Tabella1: Odds Ratio della relazione tra depressione nei genitori (madre o padre) e autismo, con o senza disabilità mentale. Model 3 si riferisce all’analisi aggiustata del model 2 sulla presenza di altre patologie psichiatriche nell’altro genitore. Da BMJ 2013; 346:f2059

Commento Uno studio retrospettivo complesso, eseguito su un data base, quello svedese, dove già dal 1995 tutti i dati di screening, diagnosi, terapia sono registrati su database nazionali, regionali e amministrativi. I ricercatori hanno meticolosamente incrociato i dati dei diversi registri sanitari per ottenere una importante quantità di dati e la maggior precisione sulle informazioni sanitarie delle famiglie selezionate per lo studio. Come giustamente sottolineato anche dai ricercatori, non è possibile affermare che l’utilizzo di farmaci antidepressivi in gravidanza sia una possibile causa di autismo: lo studio è osservazionale retrospettivo, quindi segnala un’associazione e non afferma un rapporto di causa-effetto. Anche se così fosse, spiegherebbe un solo 1% dei casi di autismo, mentre l’incidenza di questa patologia sta drammaticamente aumentando ovunque. Nell’ipotesi che la possibile causa dell’autismo sia da ricercare nella depressione in gravidanza, il farmaco potrebbe addirittura assumere il volto di un mezzo di difesa verso questo drammatico destino del bambino.
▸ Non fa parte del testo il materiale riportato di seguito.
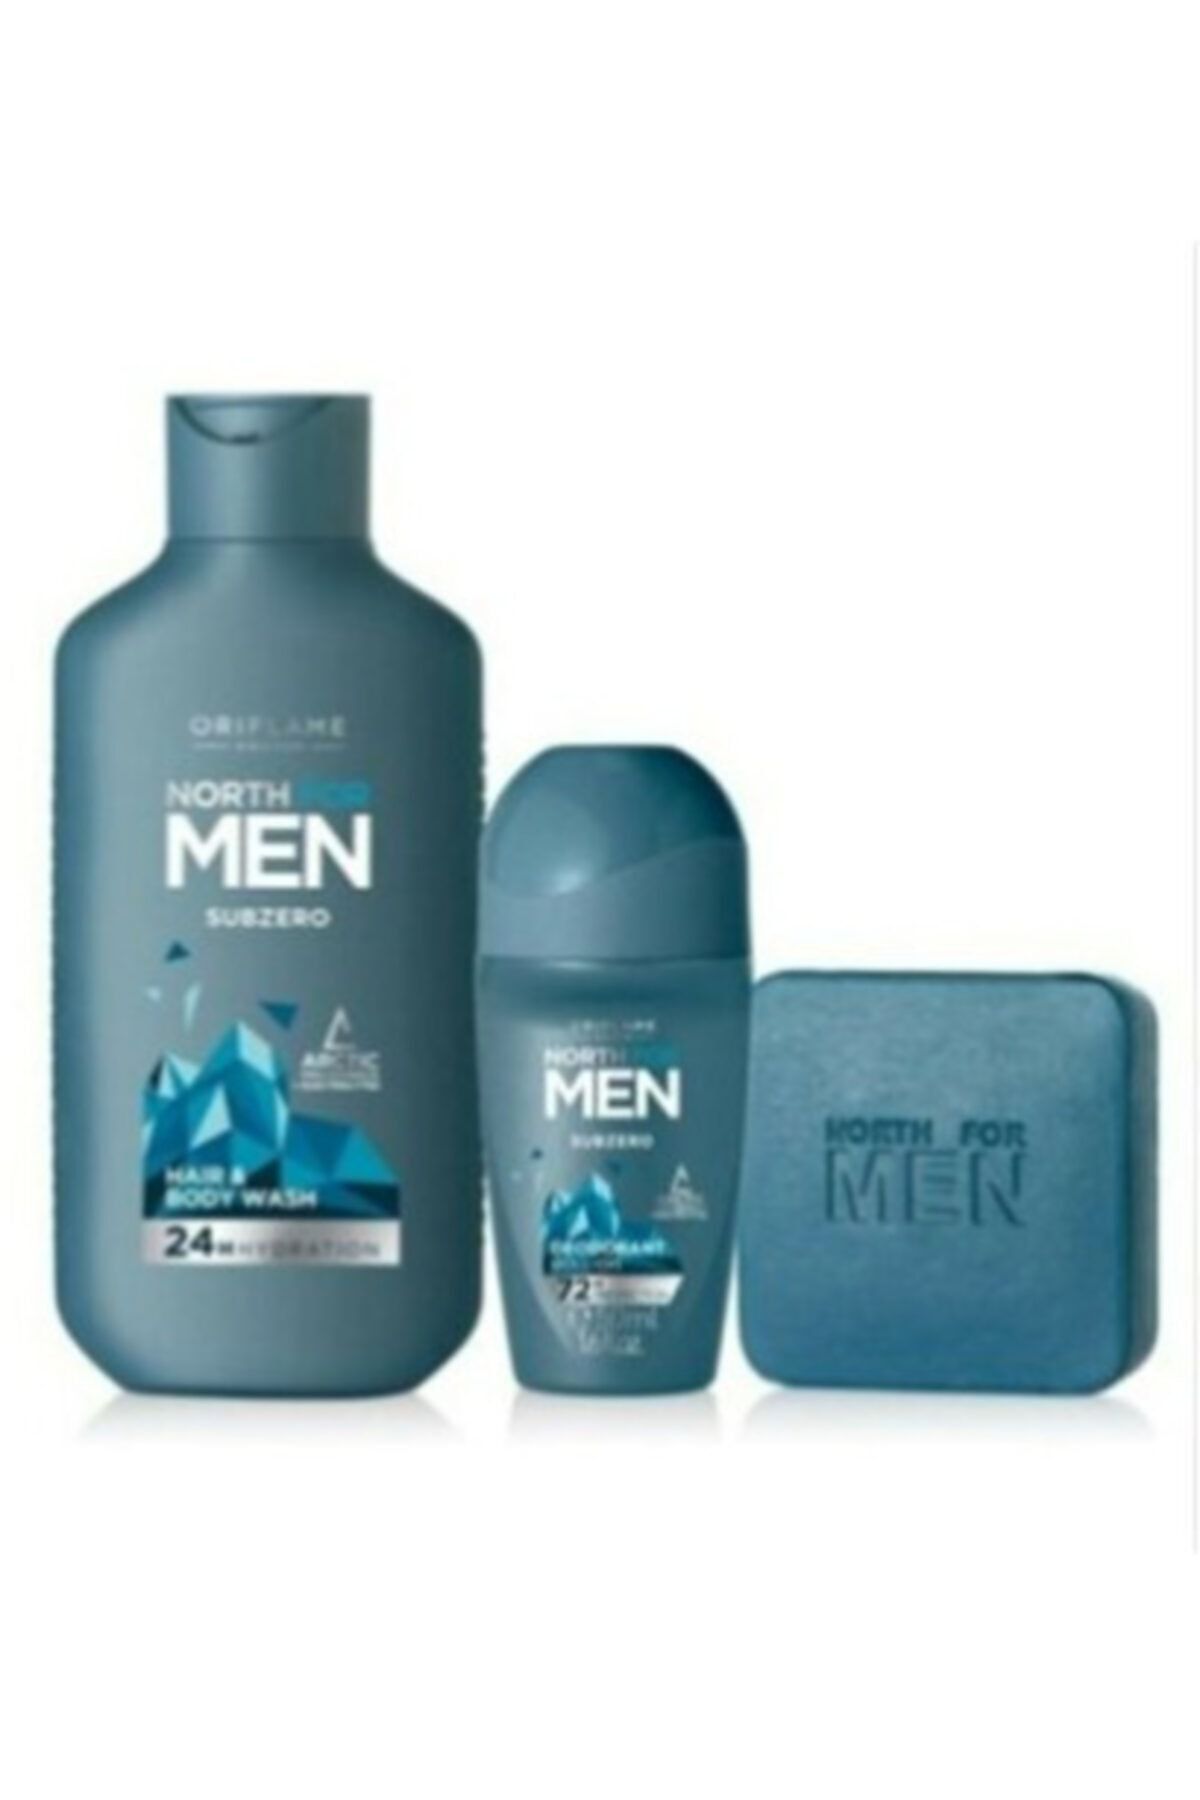 Oriflame North For Men Subzero Saç Ve Vücut Şampuanı 250 ml  + Subzero Sabun + Roll On Deodorant

In altre parole, non è possibile concludere se l’associazione tra l’uso dell’antidepressivo ed il disturbo dello spettro autistico riflette una grave depressione in gravidanza o è l’effetto diretto del farmaco.


Cosa ci portiamo a casa, quindi, di questo interessante studio? Innanzi tutto, dal punto di vista operativo, chiedere se durante la gravidanza la mamma ha sofferto di depressione: la correlazione statisticamente significativa tra depressione e autismo potrebbe farci programmare una CHAT per l’autismo durante il secondo anno di vita del bambino. Questo articolo ci fa venire anche in mente che i disturbi mentali sono ormai riconosciuti essere al primo posto tra le condizioni disabilitanti in età pediatrica (Tabella 2) (Slomski A. Chronic Mental Health Issues in Children Now Loom Larger Than Physical Problems. JAMA 2012;308:223) anche se il pediatra spesso ha una formazione accademica inadeguata nell’affrontare, riconoscere e indirizzare la famiglia verso una giusta direzione.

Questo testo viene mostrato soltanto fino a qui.